Mesure des niveaux d’AMPc dans les plaquettes humaines
Les plaquettes humaines lavées obtenues à partir du sang périphérique de volontaires sains ont été préparées comme décrit précédemment16. Les plaquettes (6×104 à 8×104 cellules) ont été incubées avec 1,0 U d’adénosine désaminase/mL, 0,5 mmol/L de 4-(3-butoxy-4-méthoxybenzyl)-2-imidazolidinone (Ro 20-1724) comme inhibiteur de la phosphodiestérase, et 6 à 8 concentrations différentes de HE-NECA. Les valeurs EC50 ont été obtenues à partir des courbes concentration-réponse après transformation log-logit des variables dépendantes par une méthode des moindres carrés pondérés.19 La solution aqueuse finale a été testée pour les niveaux d’AMPc par un test de compétition de liaison aux protéines.15
Dossier d’agrégation plaquettaire
Le sang humain citraté a été centrifugé à 200g pendant 10 minutes pour obtenir du plasma riche en plaquettes et à 2500g pendant 20 minutes pour obtenir du plasma pauvre en plaquettes. La numération des plaquettes humaines a été réalisée dans un compteur Coulter modèle S8/80 (Coulter Electronics Inc) et ajustée à 2,5×108/mL à 3,5×108/mL avec du plasma pauvre en plaquettes autologue. L’agrégation plaquettaire a été réalisée selon la technique turbidimétrique de Born20 avec un agrégateur DIC PA-3220 (Kyoto Daiichi Kagatu Co). Après incubation pendant 3 minutes avec 6 à 8 concentrations différentes de HE-NECA, le plasma riche en plaquettes a été agrégé à 37°C sous agitation continue avec de l’ADP. Des expériences similaires ont été réalisées avec de l’ADP à différentes concentrations (100 nmol/L à 100 μmol/L). L’agrégation maximale, enregistrée 5 minutes après l’ajout d’ADP, a été utilisée pour l’analyse quantitative, et le pourcentage d’inhibition a été calculé par rapport aux valeurs de contrôle.21
Mesures de la concentration de Ca2+ libre cytoplasmique
La concentration de calcium libre cytosolique a été mesurée à l’aide de la technique fura 2 selon Paul et al.22. Brièvement, les plaquettes ont été incubées dans l’obscurité totale pendant 30 minutes à 37°C avec 1 μmol/L de fura 2-AM et agitées magnétiquement dans des cuvettes fluorimétriques (LS50, Perkin Elmer, Ltd) à une concentration de 108/mL en présence de 250 μmol/L de sulfinpyrazone. La concentration intracellulaire de Ca2+ (i) a été déterminée avec un rapport d’excitation de 340/380 et une longueur d’onde d’émission de 505 nm.
Analyse statistique
L’analyse des données a été effectuée par ANOVA à 1 voie. L’analyse de la différence entre les groupes traités à la caféine (12, 60 et 108 heures) et les sujets témoins a été effectuée par le test t de Student (analyse non appariée). Les différences ont été considérées comme significatives à une valeur de P<0,01. Toutes les données sont rapportées en moyenne±SEM.
Résultats
Les plaquettes des 3 groupes de sujets ont été récoltées avant le début de l’administration de caféine (jour 0, contrôle) et à 1, 12, 60 et 108 heures après la dernière dose (retrait de la caféine). Le tableau résume les résultats des expériences de liaison et fonctionnelles des 3 groupes de sujets.
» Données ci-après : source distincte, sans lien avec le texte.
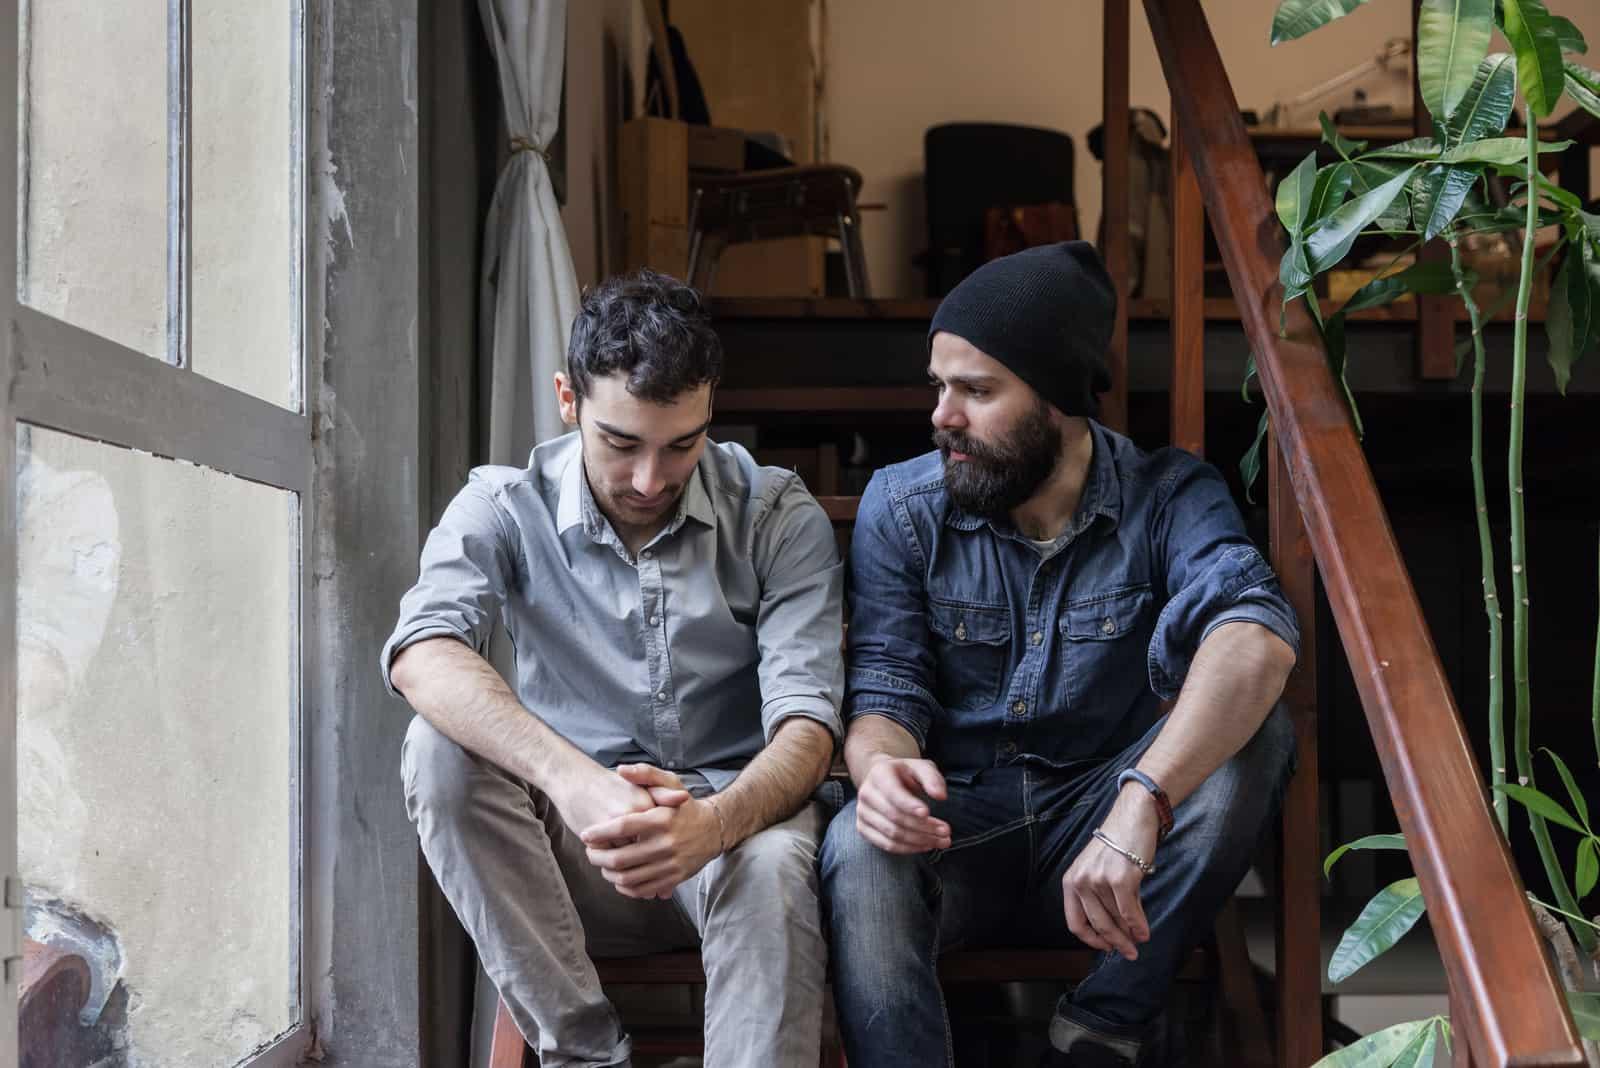 Männer reden auf der Treppe eines Büros

Groupe 1 (400 mg/j pendant 1 semaine)
Les paramètres de liaison ont révélé une valeur Bmax de contrôle de 105±6 fmol/mg de protéine et une valeur KD de 1,28±0,08 nmol/L. Dans les plaquettes témoins, l’HE-NECA a augmenté les niveaux d’AMPc avec une CE50 de 60±5 nmol/L et a inhibé (1) l’agrégation avec une IC50 de 86±10 nmol/L et (2) les niveaux de calcium avec une IC50 de 104±8 nmol/L. Aucune différence statistiquement significative n’a été trouvée dans les paramètres de liaison et fonctionnels 12, 60 et 108 heures après le retrait de la caféine (tableau).
Groupe 2 (400 mg/j pendant 2 semaines)
Les paramètres de liaison ont révélé une valeur Bmax de contrôle de 110±3 fmol/mg de protéine et une valeur KD de 1,21±0,09 nmol/L. 12 et 60 heures après le retrait de la caféine, les densités de récepteurs, Bmax, ont augmenté aux deux points de temps d’environ 20 %, mais les valeurs KD sont restées inchangées. Les expériences fonctionnelles ont révélé que l’agoniste du récepteur A2A de l’adénosine HE-NECA était significativement plus puissant pour augmenter l’AMPc plaquettaire (c’est-à-dire que les valeurs de la CE50 étaient 45% et 65% plus petites à 12 et 60 heures après le retrait de la caféine que les valeurs de contrôle, respectivement). Une tendance similaire a été observée dans les valeurs de la CI50 obtenues dans les expériences d’agrégation et dans les mesures de la concentration de calcium libre cytoplasmique (Tableau).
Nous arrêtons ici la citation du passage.